Check out ANTLR which is probably the best modern parser generator. ANTLR 4 uses "adaptive LL(*)" (aka "all star") for its underlying theory. http://www.antlr.org/papers/allstar-techreport.pdf


PEG (Packrat) is hot now.


It is important to distinguish between PEG and packrat.

PEG is a model for recognizers, distinct from traditional grammers whose theoretical model is usually based on generating strings rather than recognising them. (Yes this is a bit backwards.) The most distinctive feature of PEGs is the ordered choice operator - traditional context-free grammars and regexes use unordered choice, but ordered choice is a closer model of how recursive descent parsers work in practice. Ordered choice naturally leads to implementations that have less backtracking than common regex matchers, e.g. Lpeg.

Packrat parsers are based on a clever non-backtracking PEG matching algorithm. They spend O(n) memory to get O(n) parsing time, so they are reliably fast but not good for long inputs. They are also effective in a pure, lazy setting like Haskell.

Lpeg is a PEG parser but not a packrat parser.


Interesting paper on left-recursion in recursive descent parsers like PEGs and Packrats

http://web.cs.ucla.edu/~todd/research/pub.php?id=pepm08


If you're interested in left-recursion in PEGS then, at the risk of gross immodesty, you may be interested in http://tratt.net/laurie/research/pubs/html/tratt__direct_lef...

With less risk of immodesty you may also find http://arxiv.org/pdf/1207.0443.pdf?ref=driverlayer.com/web interesting.

There's probably more recent work than these two papers, but I'm a little out of date when it comes to the PEG world.


Thanks, looks like you've put a lot of work in to it and I'll enjoy reading it.


Yes, I implemented exactly this approach. But for the binary expressions I am using Pratt, it is faster and easier to construct left-associative nodes.

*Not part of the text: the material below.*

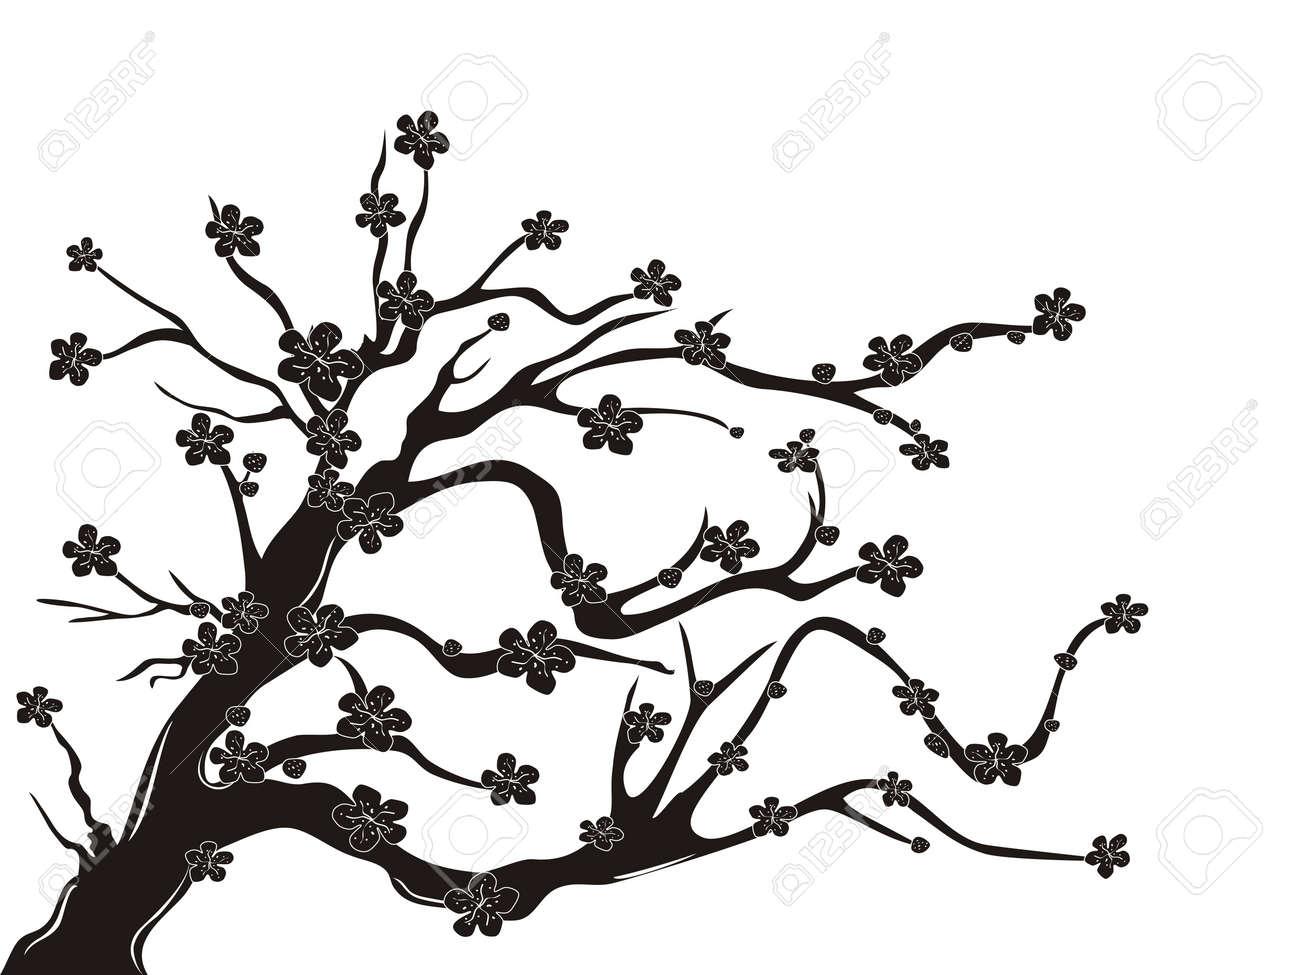 La Silueta Del árbol De Cerezo Sobre Fondo Blanco Ilustraciones

I went through a undergrad compiler class with the Dragon book, not the whole thing though, just enough chapters to build a compiler. We did build a full fledged compiler for an OO language, with all the parts of a compiler all the way to code generating assembly. It's kind of fast pace with too many stuff crammed into a class. Some theoretical topics were kind of fuzzy at the time. Still it was one of the best classes I have ever attended. Later on when I re-read the book on my own pace, I thought the book was the best thing since slice bread. Got a much better understanding of the theories behind the compiler topics. A lot of the things I learned I can still apply to this day.


Interesting, I took compilers where the Dragon book was the standard text book, we implemented a PASCAL like language (which compiled for the DEC10 as a target) and it was one of the really transformative classes I had taken. It brought together algorithms and data structures into a curriculum where they joined up to convert text into executable code. Really one of those moments of sudden clarity for me.


In my compiler class we also used the Dragon book and we did write a compiler for a C like language... I don't think we covered the book in its entirety though but sounds like that was a better mix. I felt quite capable of writing simple compilers after I finished the course...


I loved the Dragon book, but I agree not a practical book. I probably loved it because at the time I'd already been experimenting with compiler writing for 5-6 years, and it gave me a theoretical grounding for a lot of stuff I'd been doing or doing subtly "wrong".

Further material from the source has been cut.